12. It Causes Muscle Tension

Stress has a knack for making your muscles feel tight and tense. Many people unconsciously tense their muscles when stressed, leading to aches and pains, particularly in the neck, shoulders, and back. This tension can be exacerbated by poor posture or prolonged periods of inactivity. Over time, chronic muscle tension can lead to more serious complications, such as tension headaches or musculoskeletal disorders. Addressing muscle tension requires both stress management and proactive physical care.
Incorporating regular physical activity into your routine can help alleviate stress-related muscle tension. Stretching, yoga, or even simple exercises like walking can promote relaxation and reduce tension. Additionally, being mindful of your posture and taking breaks to stretch during long periods of sitting can prevent tension from building up. Massage therapy or physical therapy can also provide relief for chronic tension and pain.
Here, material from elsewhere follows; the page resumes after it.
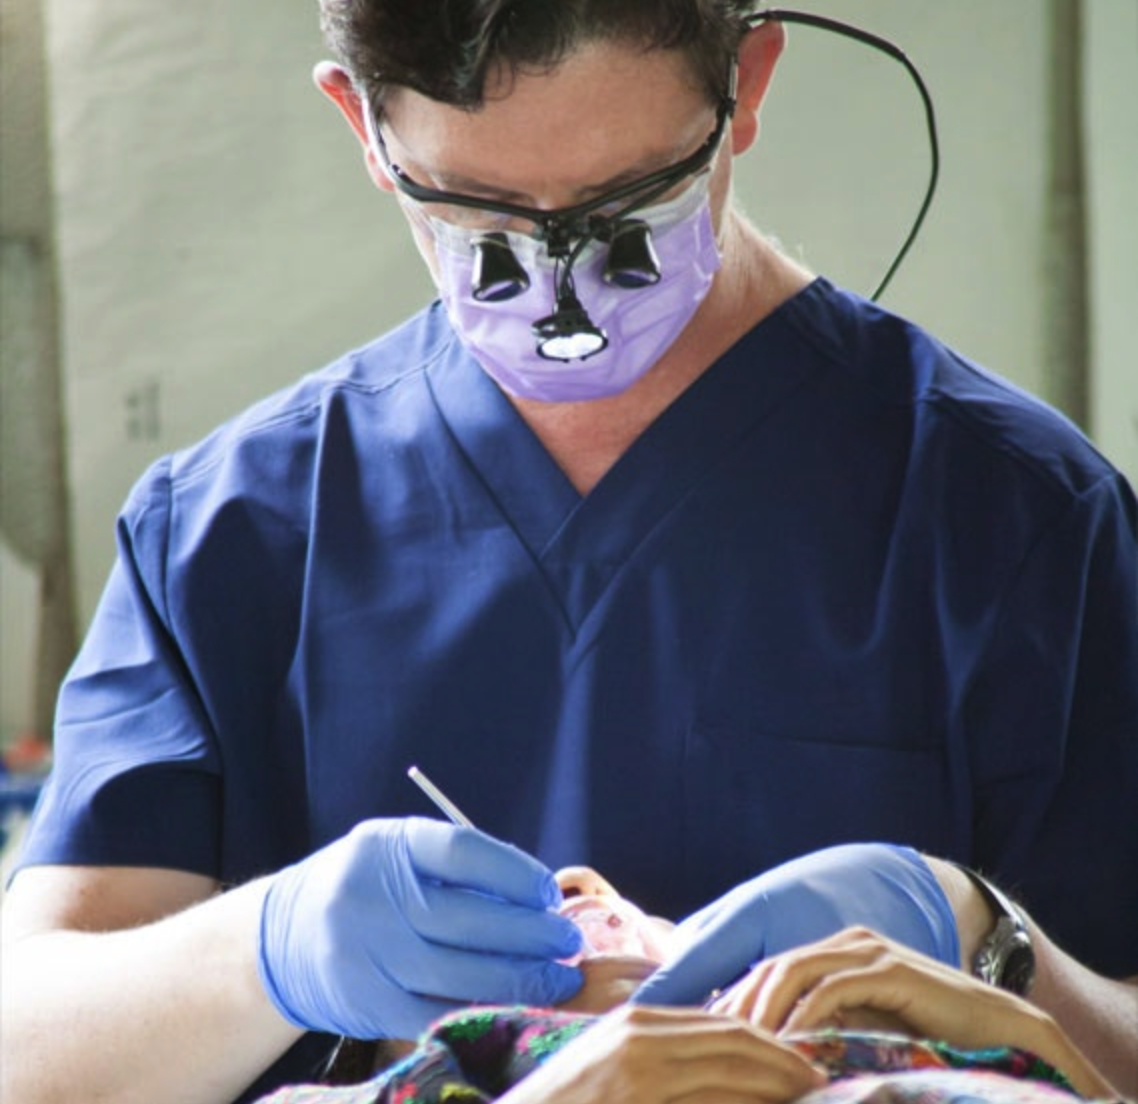 Dentist at work | Parkway Dental: Michael D Haight, DDS | Albuquerque, NM

Remember, taking care of your physical body is a crucial part of managing stress effectively.
13. It Causes Your Heart To Race

Stress can send your heart racing, even when you’re not physically exerting yourself. The release of stress hormones like adrenaline speeds up your heart rate as your body prepares to face a threat. While this is a normal reaction, chronic stress can lead to persistent heart palpitations or an irregular heartbeat. Over time, this can increase the risk of cardiovascular issues if not managed properly. Understanding the connection between stress and heart health is important for both prevention and management.
To keep your heart rate in check, it’s essential to find effective ways to manage stress. Regular exercise and a balanced diet play a significant role in maintaining cardiovascular health. Mindfulness practices such as meditation or deep breathing can also help lower your heart rate by promoting relaxation. If heart palpitations persist, seeking medical advice is crucial to rule out any underlying conditions. Remember, managing stress is not just about mental well-being; it’s also about protecting your heart health.